Replicated data a huge theme in distributed systems
  For performance and fault tolerance
  Often easier to replicate data than computation
  Examples:
    Caching of web pages (Web browser)
    Caches in YFS (labs 5 and 6)
    Caches in Linux kernel
  All these examples involve sophisticated optimizations for performance
  How do we know if an optimization is correct?
  We need to know how to think about correct execution of distributed programs.
  Most of these ideas from multiprocessors and databases 20/30 years ago.
  For now, just correctness and efficiency, not fault-tolerance.

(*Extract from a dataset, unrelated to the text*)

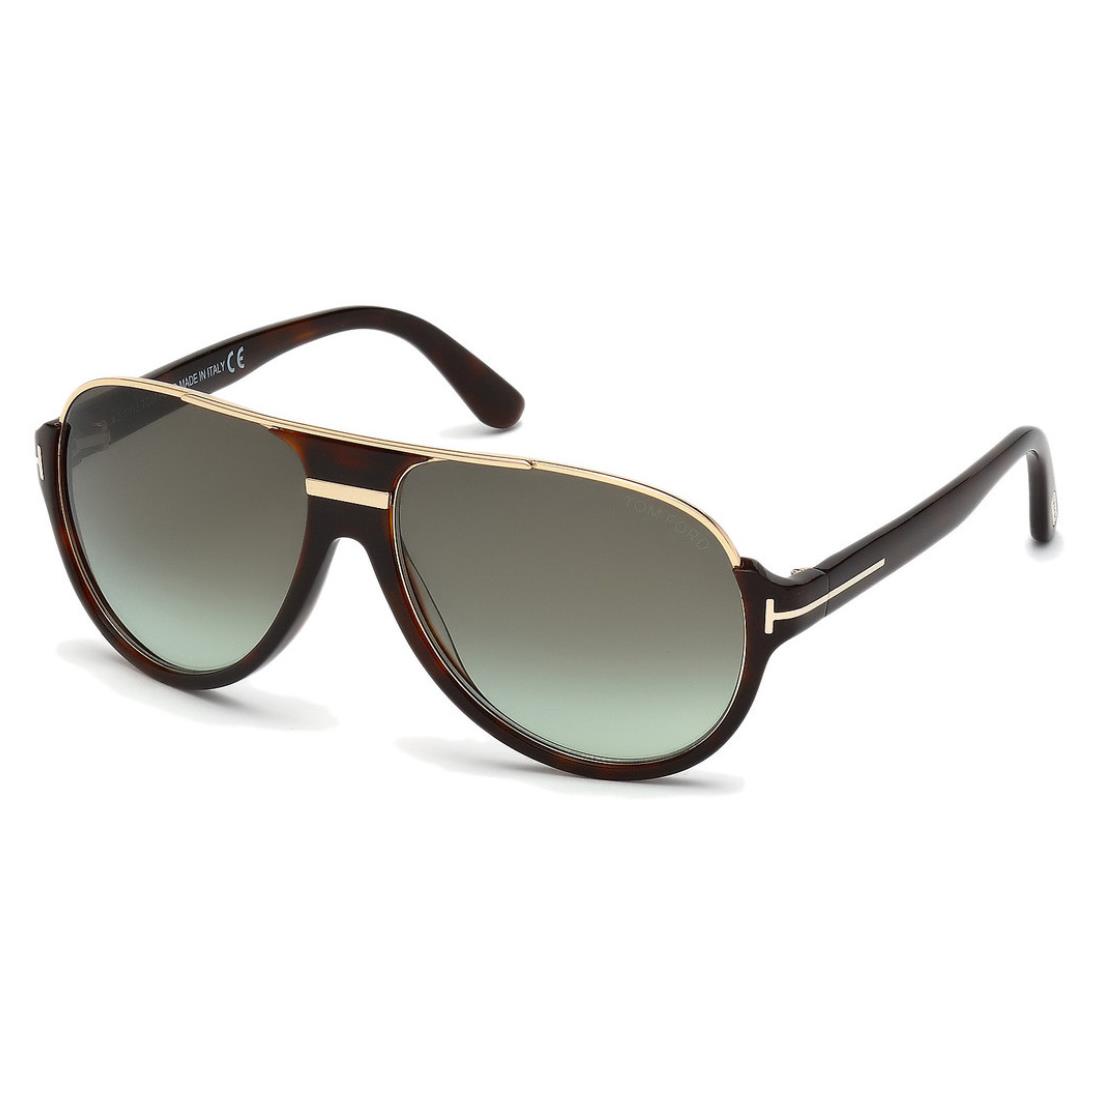 Tom Ford FT 0334 Dimitry 56K Havana/green Gradient Sunglasses

Replicating content that isn't modified (or has a single writer) is "simple"
  See, for example, Web browser
  Browser obeys HTTP expiration directive and last-modified

Topic gets much more interesting when concurrent reads and writes.
  Let's assume we are implementing a traditional memory (i.e. with LD/ST)
    matches many read/write abstract interfaces (e.g., file systems)
  Let's distribute it naively
    internet cloud, hosts CPU0, CPU1, CPU2
    assume each host has a local copy of all of memory
    reads are local, so they are very fast
    write: send update msg to each other host (but don't wait)
  Does this memory work well?
   
Example 1:
  CPU0:
    v0 = f0();
    done0 = true;
  CPU1:
    while(done0 == false)
      ;
    v1 = f1(v0);          
    done1 = true;
  CPU2:
    while(done1 == false)
      ;
    v2 = f2(v0, v1);
  Intuitive intent:
    CPU2 should execute f2() with results from CPU0 and CPU1
    waiting for CPU1 implies waiting for CPU0

Example 1 won't work with naive distributed memory:

  Problem A:
    CPU0's writes of v0 and done0 may be interchanged by network
    leaving v0 unset but done0=true
  But assume each CPU sees each other's writes in issue order  (thus,
  scenario A could not happen with the YFS RPC system.)

  Problem B:
    CPU2 sees CPU1's writes before CPU0's writes
    i.e. CPU2 and CPU1 disagree on order of CPU0 and CPU1 writes
    (this could happen even when using YFS RPC.)

Lesson:
  either naive distributed memory isn't "correct"
  or we should not have expected Examples to work

How can we write correct distributed programs w/ shared storage?
  Memory system promises to behave according to certain rules.
  We write programs assuming those rules.
  Rules are a "consistency model"
  Contract between memory system and programmer

What makes a good consistency model?
  There are no "right" or "wrong" models
  A model may make it harder or easier to program
    i.e. lead to more or less intuitive results
  A model may be harder or easier to implement efficiently
  Also application dependent
    A consistency model for Web pages different than for memory

How about "strict consistency":
  each instruction is stamped with the wall-clock time at which it started
    across all CPUs
  Rule 1: LD gets value of most recent previous ST to same address
  Rule 2: each CPU's instructions have time-stamps in execution order
  Essentially the same as on uniprocessor

Would strict consistency avoid problem A and B?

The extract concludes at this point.